Week 5 HW: Protein Design II
Part 1
1. Retrieve SOD1 sequence and introduce A4V
MATKVCVVLKGDGPVQGIINFEQKESNGPVKVWGSIKGLTEGLHGFHVHEFGDNTAGCTSAGPHFNPLSRKHGGPKDEERHVGDLGNVTADKDGVADVSIEDSVISLSGDHCIIGRTLVVHEKADDLGKGGNEESTKTGNAGSRLACGVIGIAQ
2. PepMLM-generated 12-aa peptides + known binder
(lower = higher model confidence in the binder).

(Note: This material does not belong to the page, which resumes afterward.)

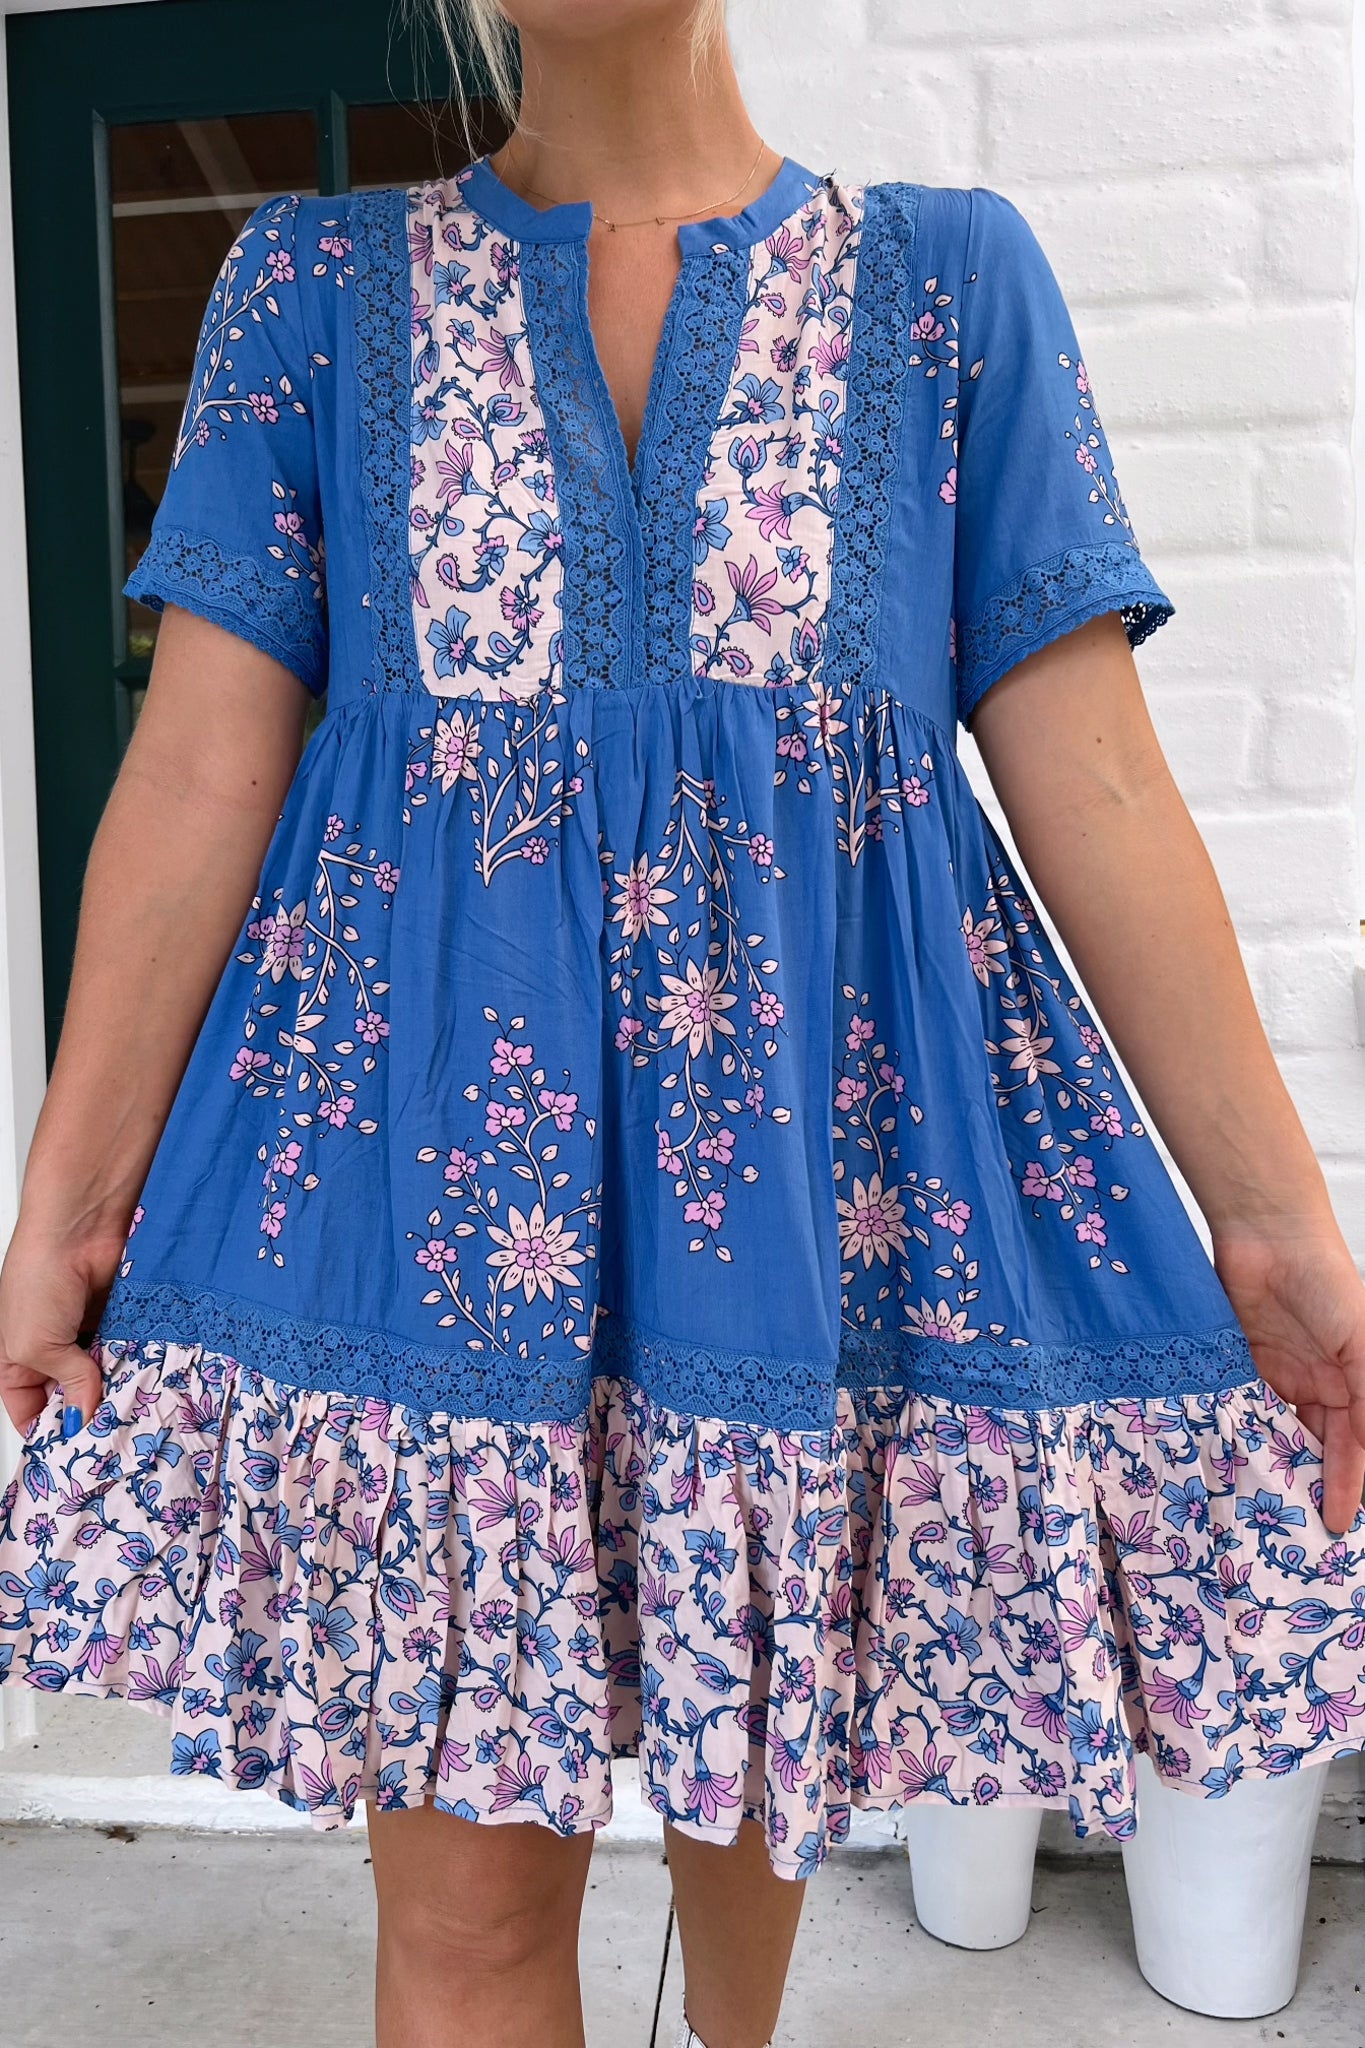 JAASE - Summer Romantics Mini Dress: Lace Detail Short Sleeve Smock Dress in Hailee Print
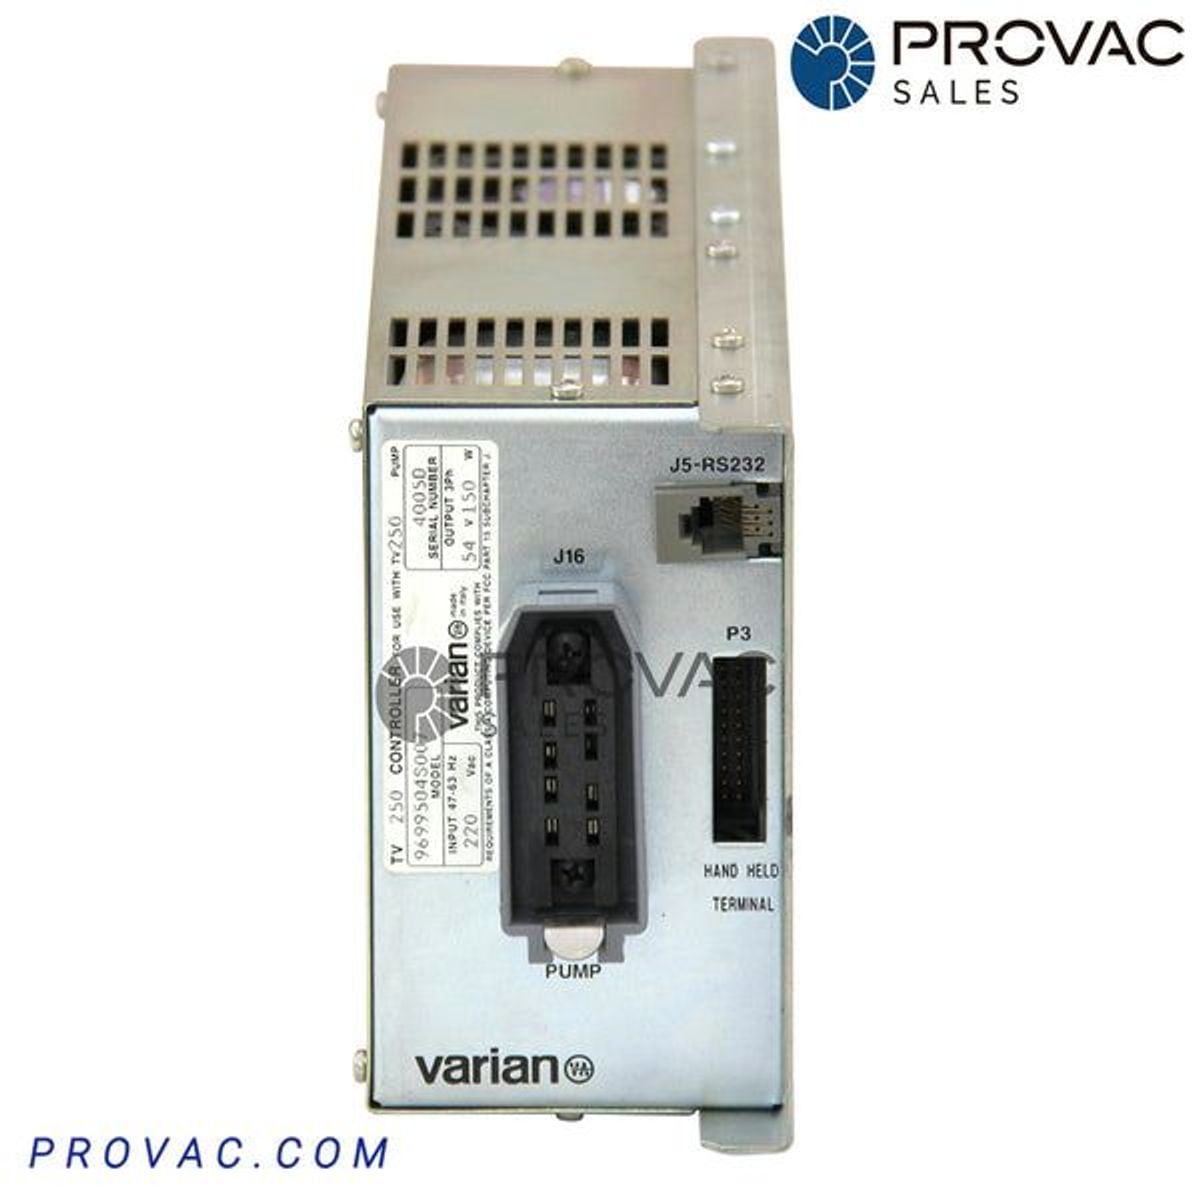 Varian TV-250 brick Turbo Pump Controller, Rebuilt Image 1

| ID | Peptide (12 aa) | Source | Perplexity (PepMLM) |
|---|---|---|---|
| P1 | WHSPVAAARLKE | PepMLM | 11.721713 |
| P2 | KRYGAAAARHKK | PepMLM | 11.211369 |
| P3 | WRYPVAGLALKE | PepMLM | 13.068802 |
| P4 | WHSPPAAVALGE | PepMLM | 12.159801 |
| Ref | FLYRWLPSRRGG | known SOD1 binder | N/A |
Observation (PepMLM confidence by perplexity):
Among generated candidates, P2 (KRYGAAAARHKK) has the lowest perplexity (highest PepMLM confidence), while P3 (WRYPVAGLALKE) has the highest perplexity (lowest confidence among the four).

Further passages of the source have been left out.